TWO FLAGS WEST

TWO FLAGS WEST

(director: Robert Wise; screenwriters: Casey Robinson/based on a story by Frank S. Nugent and Curtis Kenyon; cinematographer: Leon Shamroy; editor: Louis Loeffler; music: Hugo Friedhofer; cast: Joseph Cotten (Col. Clay Tucker), Linda Darnell (Elena Kenniston), Jeff Chandler (Maj. Henry Kenniston), Cornel Wilde (Capt. Mark Bradford), Dale Robertson (Lem), Jay C. Flippen (Sgt. Terrance Duey), Noah Beery (Cy Davis), Harry von Zell (Ephraim Strong), John Sands (Lt. Adams), Arthur Hunnicutt (Sgt. Pickens); Runtime: 92; MPAA Rating: NR; producer: Casey Robinson; 20th Century Fox; 1950)


The Western has a thoughtful historical premise and makes the most of it by the solid direction of Wise.

Reviewed by Dennis Schwartz

Indian-fighting Western set during the Civil War. It’s directed in a satisfying fast pace by Robert Wise(“Executive Suite”/”The Set-Up”/”Run Silent Run Deep”), whobased it on a story by Frank S. Nugent and Curtis Kenyon. ProducerCasey Robinson writes the screenplay. The b/w pic has good location shots by cinematographer Leon Shamroy; it was shot in New Mexico at San Ildefonso Pueblo, a community of Tewa Indians just outside of Santa Fe.

The pic opens with the following statement: “On December 8, 1863, President Abraham Lincoln issued a Special Proclamation, whereby Confederate Prisoners of War might gain their freedom, provided they would join the Union Army to defend the frontier West against the Indians.” It then turns to a prison camp at Rock Island, Illinois, in the autumn of 1864, where the wounded Union camp commander, Captain Mark Bradford (Cornel Wilde), offers 43 Confederate prisoners the chance to be paroled on a full pardon if they agree to be recruited into the Union army to fight Indians out West. They’re told they would never have to fight Rebs. War hero Confederate Colonel Clay Tucker (Joseph Cotten), who rode with Jeb Stuart, agrees after taking a vote where he broke the tie, and is commissioned as a 2nd lieutenant. Tucker sees this as an opportunity to escape almost certain death in the harsh prison and live to fight another day for the South. The unit joins the 3rd Cavalry, stationed at the remote Fort Thorn, New Mexico. The fort is commanded by the embittered Major Henry Kenniston (Jeff Chandler), who escaped a Reb prison camp and walks with a limp sustained in battle. Both Tucker and Kenniston are honorable soldiers, which makes it easier for the Major to accept Tucker even though he doesn’t trust him and resents the Rebs for killing his officer brother in a major battle. Elena Kenniston (Linda Darnell) is the hottie Spanish widow of the Major’s brother, who is waiting at the fort to receive an armed patrol to escort her back to her Monterey, California, family home and small vineyard. The war-weary Elena realizes the Major loves her even if he doesn’t say so, as does Bradford. But she remains elusive to both, only talking openly with the Colonel.

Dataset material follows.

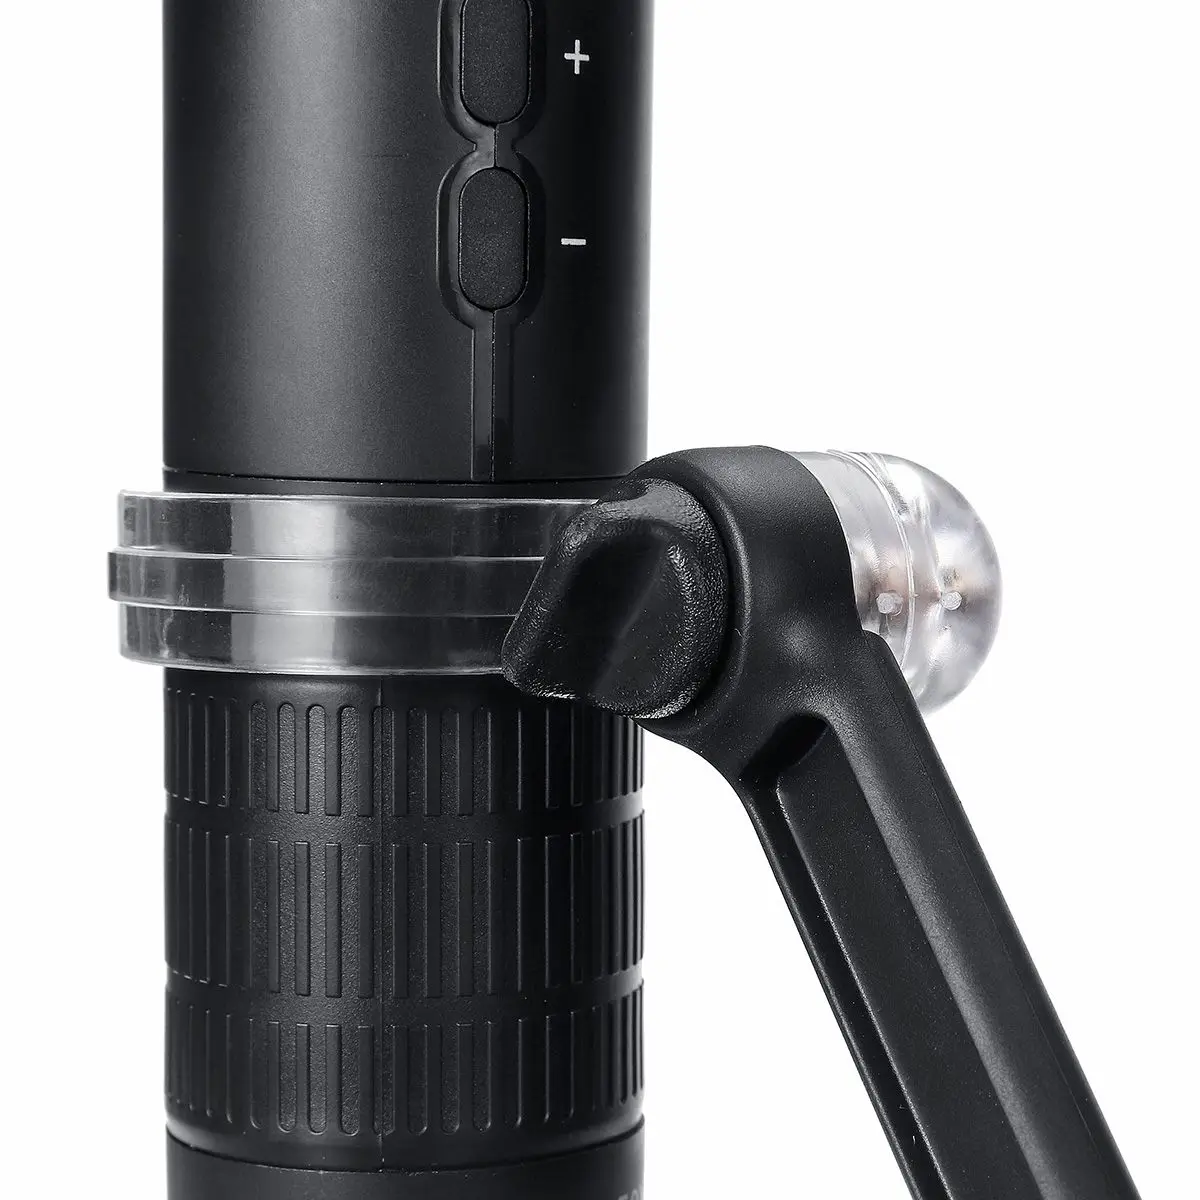 2MP цифровой wifi микроскоп 1000X Лупа камера 8 светодиодный с подставкой для беспроводного смартфона мобильный телефон осмотр

The rousing Western has a thoughtful historical premise and makes the most of it by the solid direction of Wise. It has an action-packed Indian attack on the fort, that was precipitated when the hateful Major unnecessarily killed the chief’s son.

Chandler’s acting is wooden as usual, and the overwrought melodramatic love triangle peters out. It ends with the Darnell character moving onto her home and telling the Colonel, who just lost his home in Georgia to the advancing army of General Sherman, that “It will all seem better tomorrow.”